> **What to produce**: Return all of the data exactly, omitting any images.

> **Raw data**:

________

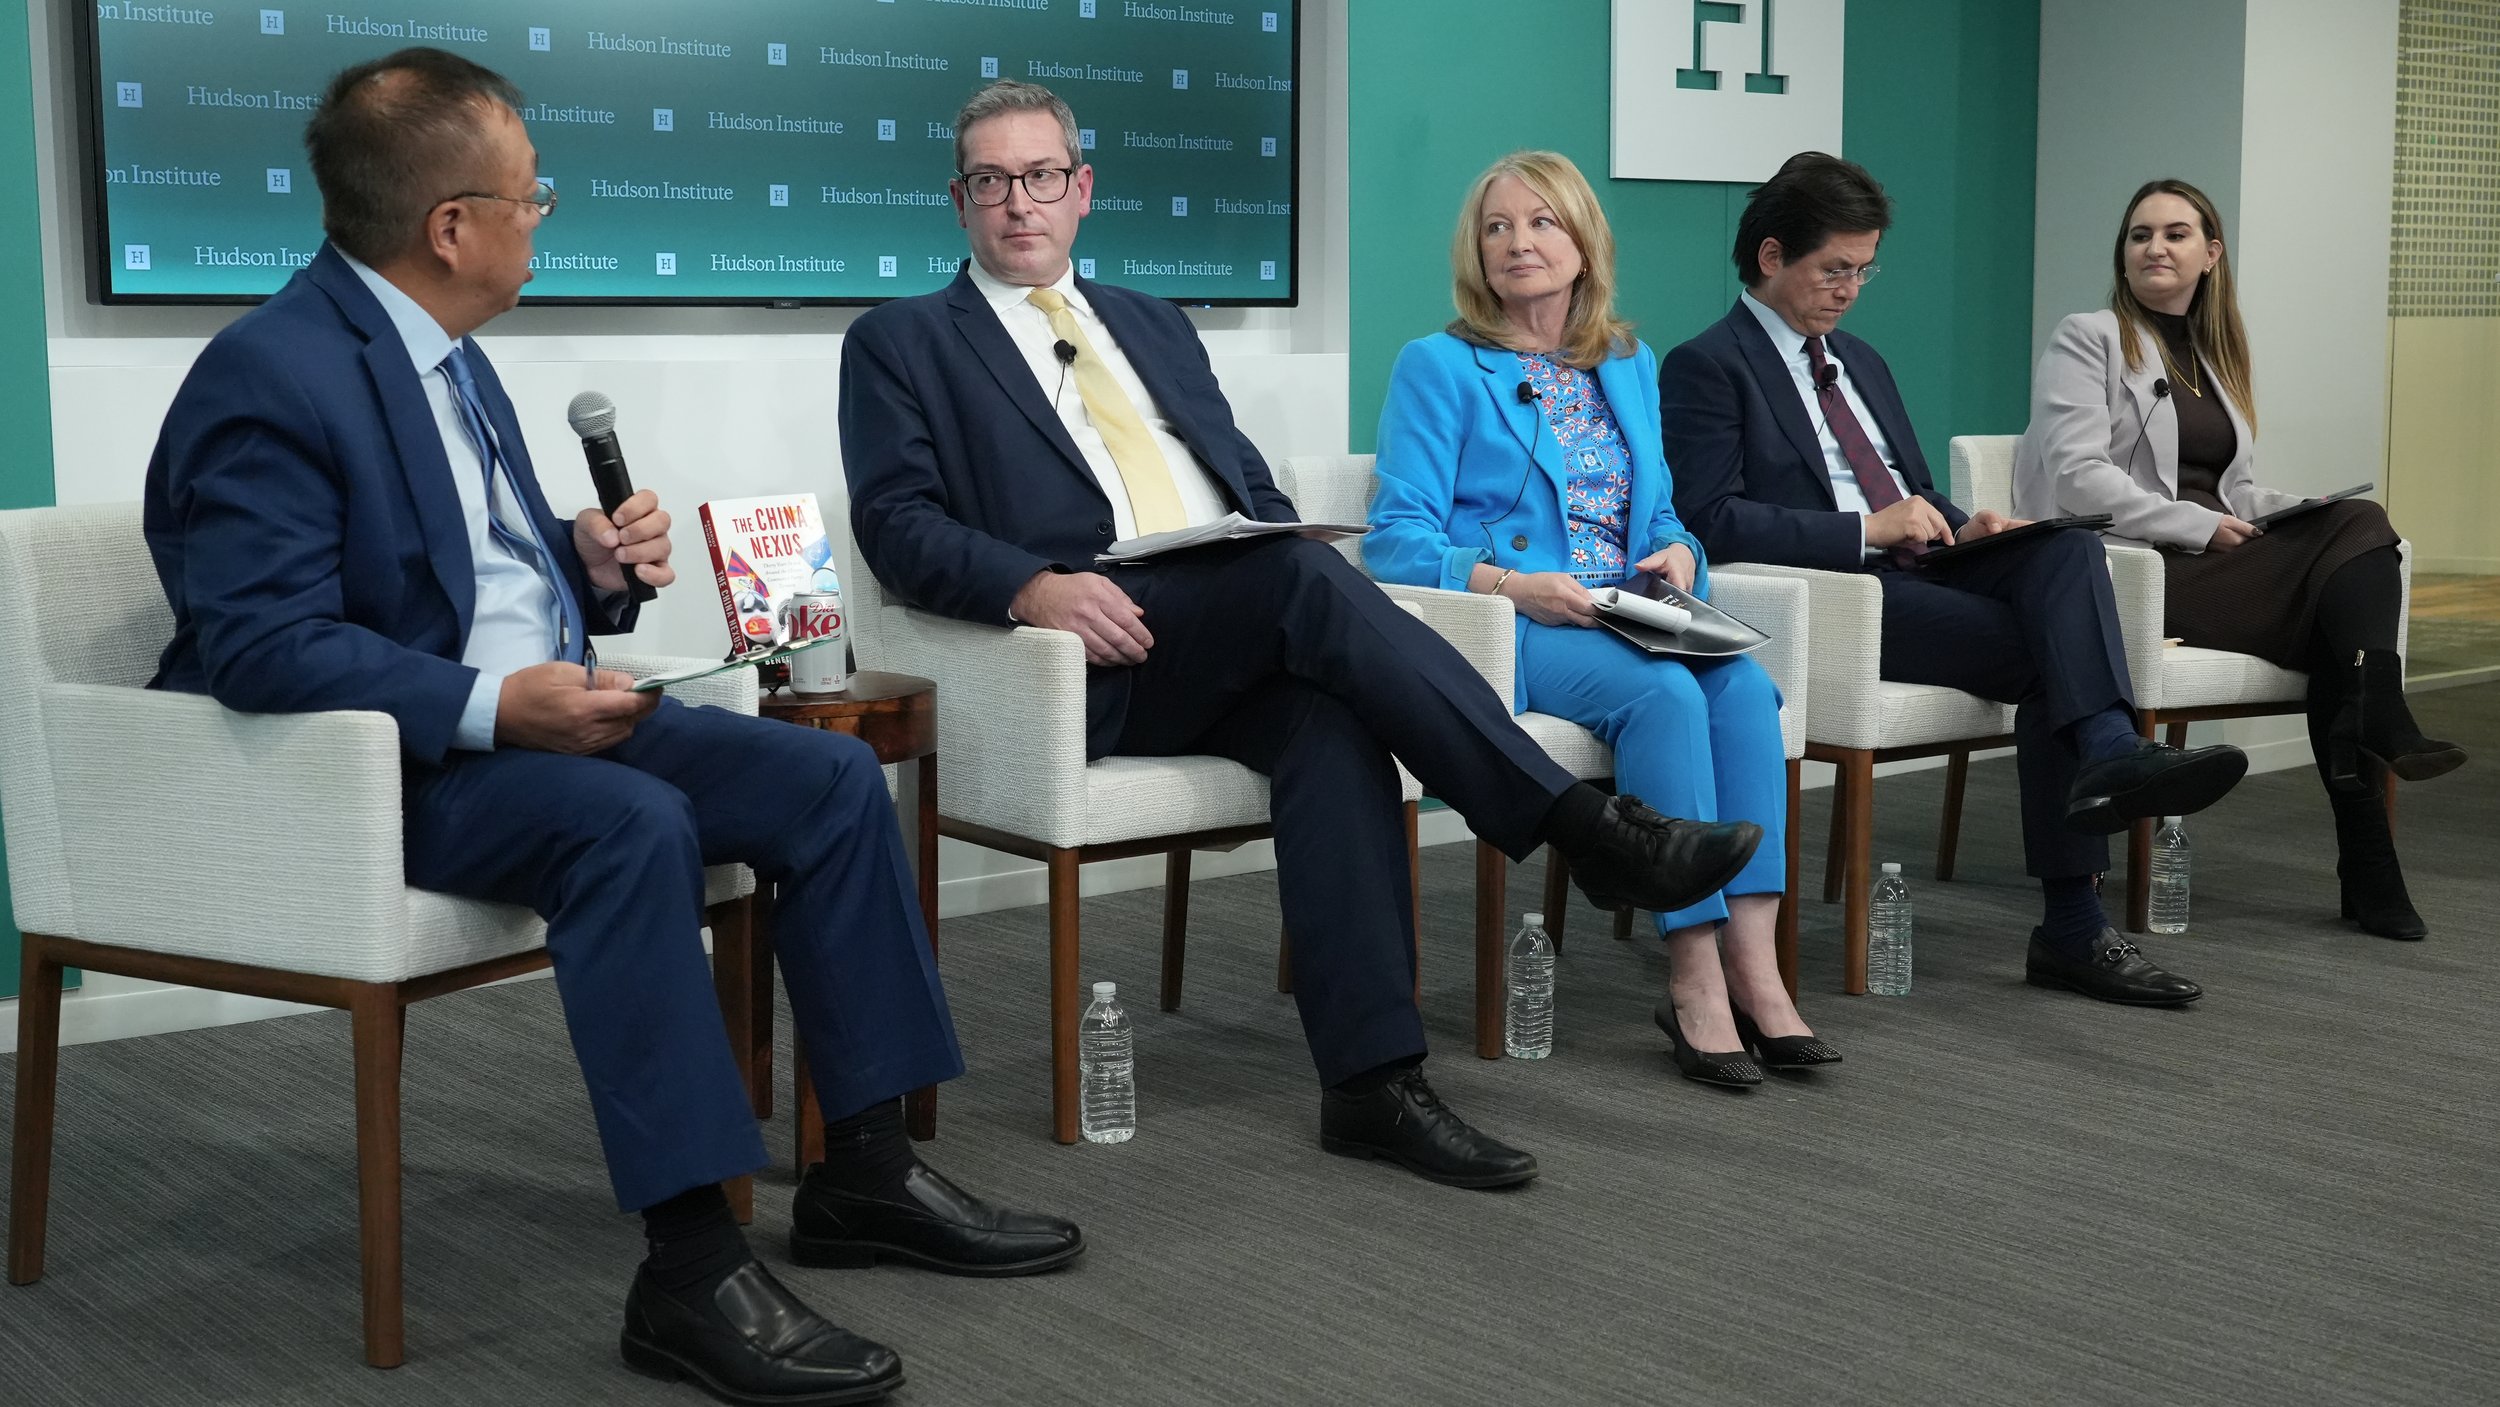 The panel discussion at Hudson Institute with Miles Yu, Benedict Rogers, Nina Shea, Nury Turkel and Olivia Enos.jpg
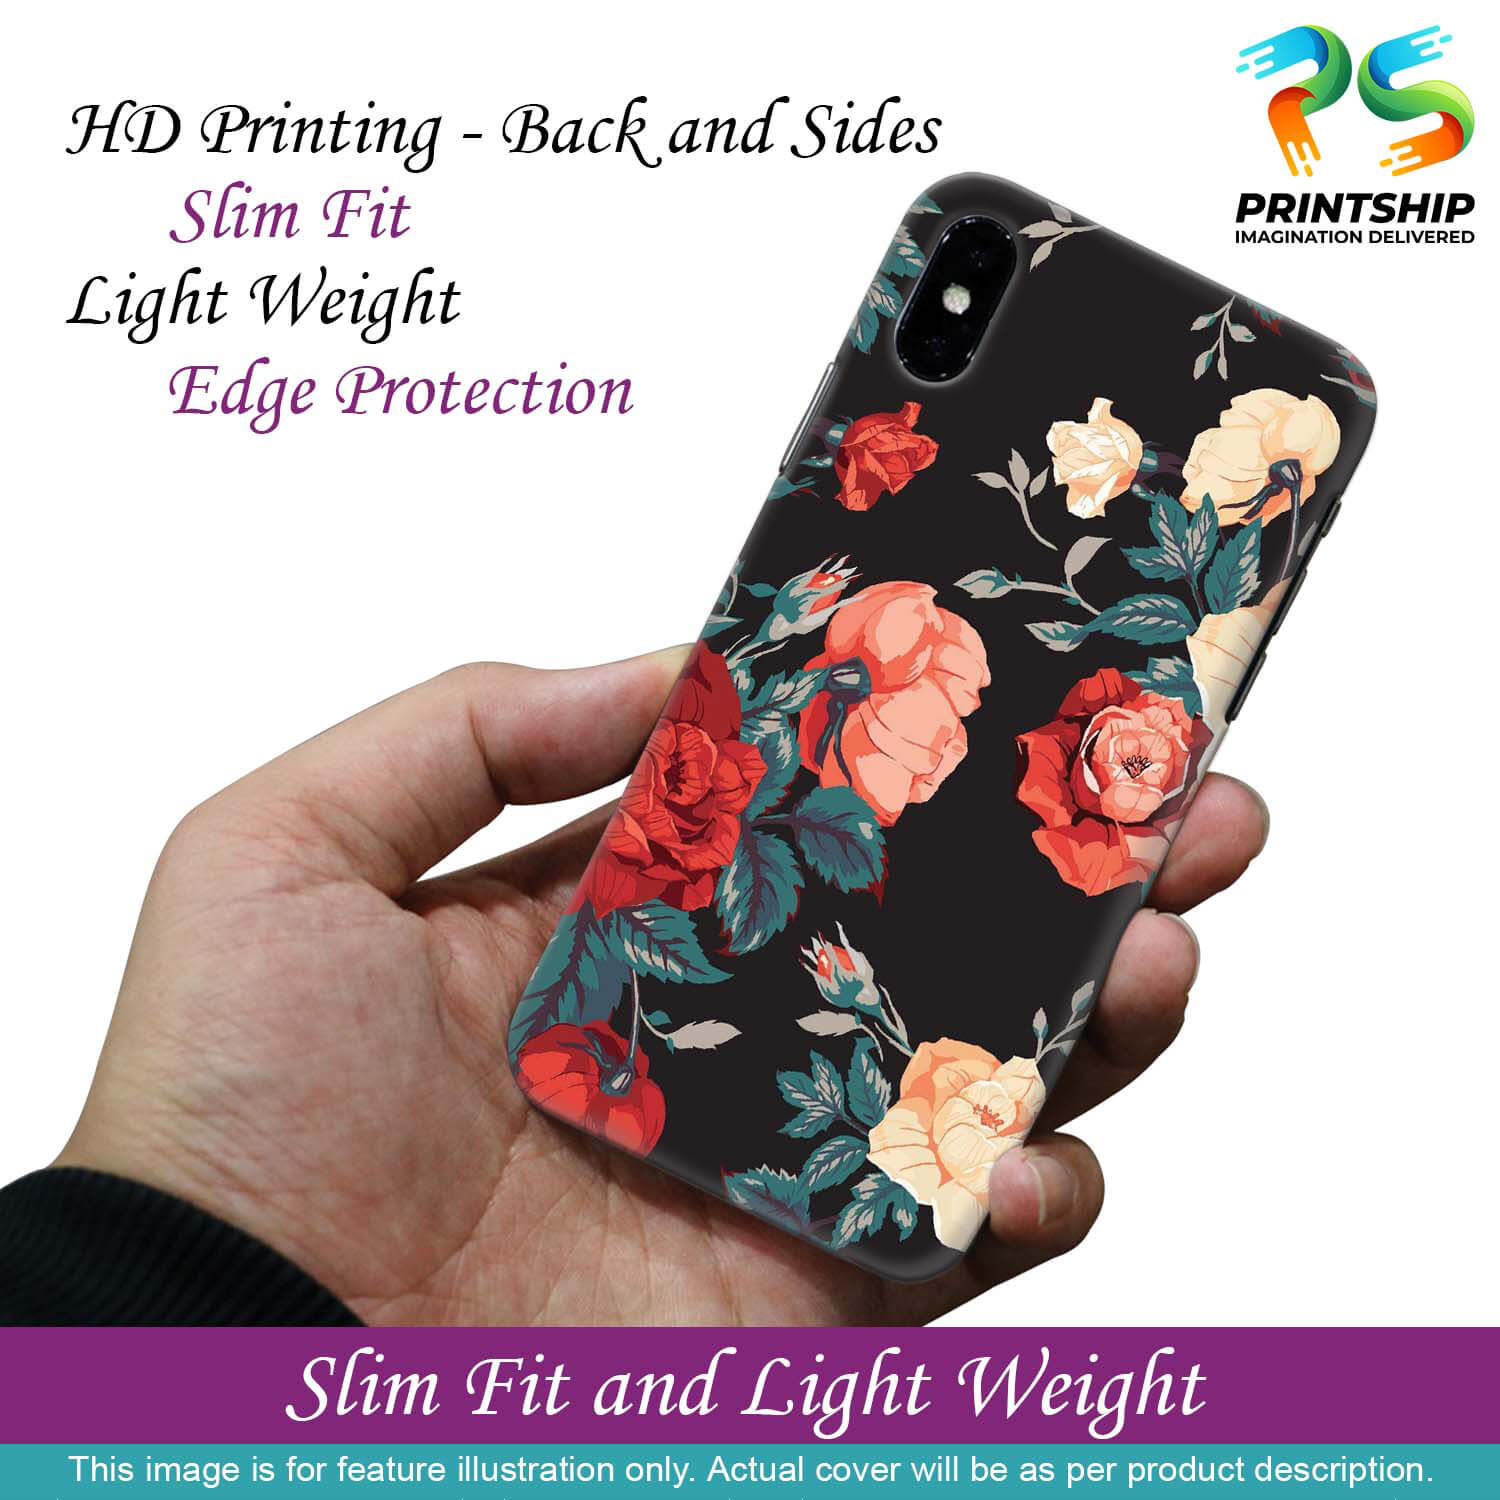 PS1340-Premium Flowers Back Cover for vivo Y1s
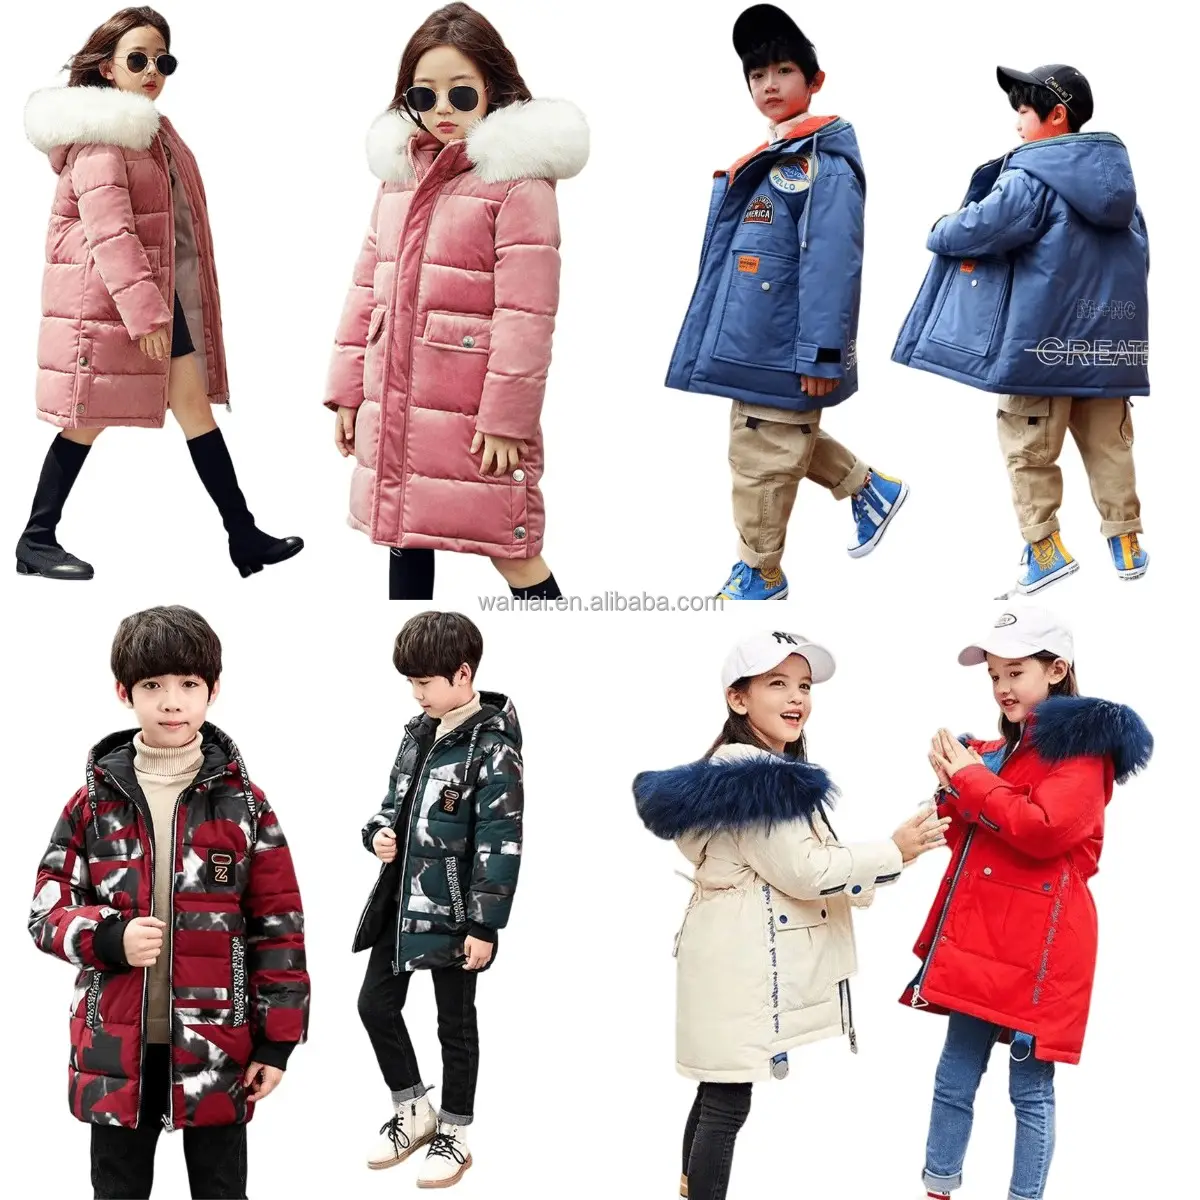 Hot Sales Children Cotton-padded Parka Coats with Hoodies Thicken Warm Long Kids winter Jackets
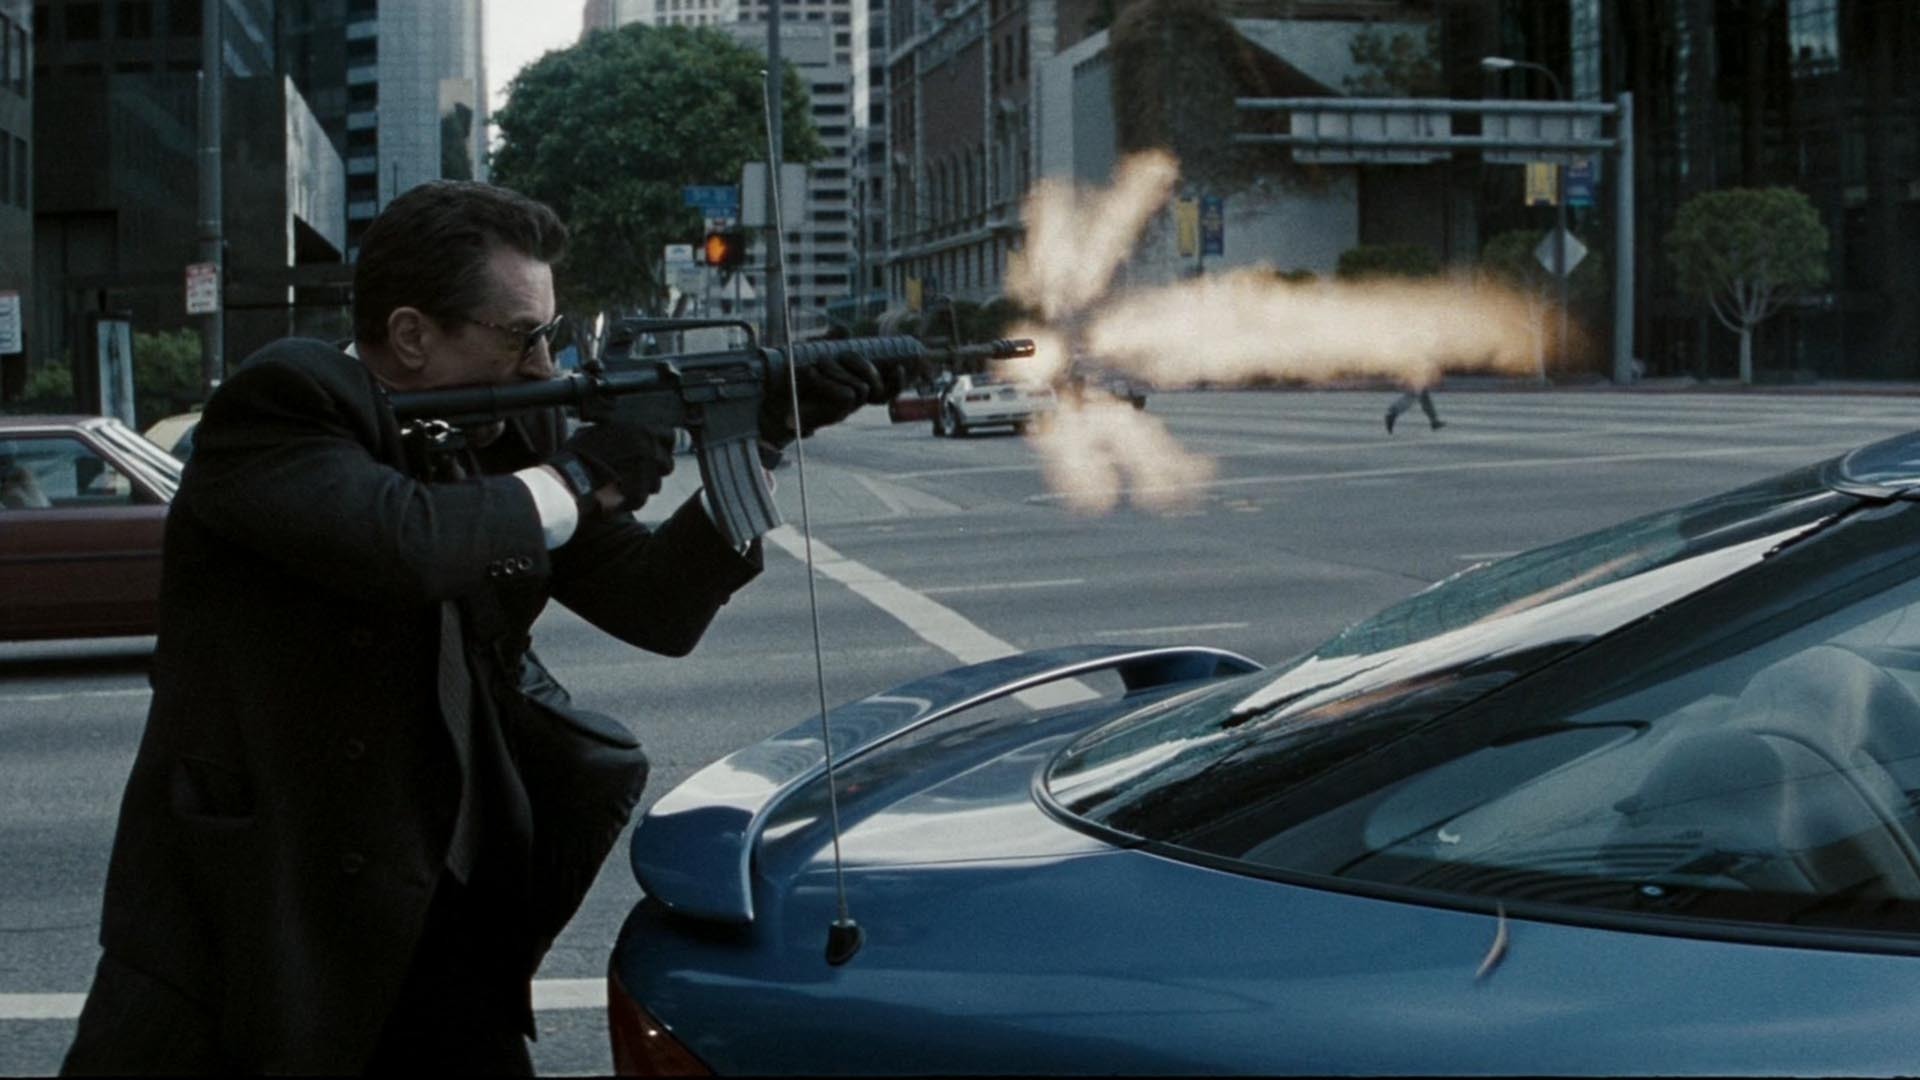 Still from the major scene in the 1995 Michael Mann film "Heat", in which the bank robbers are engaged in a gun battle with police

________

> **Solution**:
 The panel discussion at Hudson Institute with Miles Yu, Benedict Rogers, Nina Shea, Nury Turkel and Olivia Enos.jpg
 PS1340-Premium Flowers Back Cover for vivo Y1s
 Hot Sales Children Cotton-padded Parka Coats with Hoodies Thicken Warm Long Kids winter Jackets
 Still from the major scene in the 1995 Michael Mann film "Heat", in which the bank robbers are engaged in a gun battle with police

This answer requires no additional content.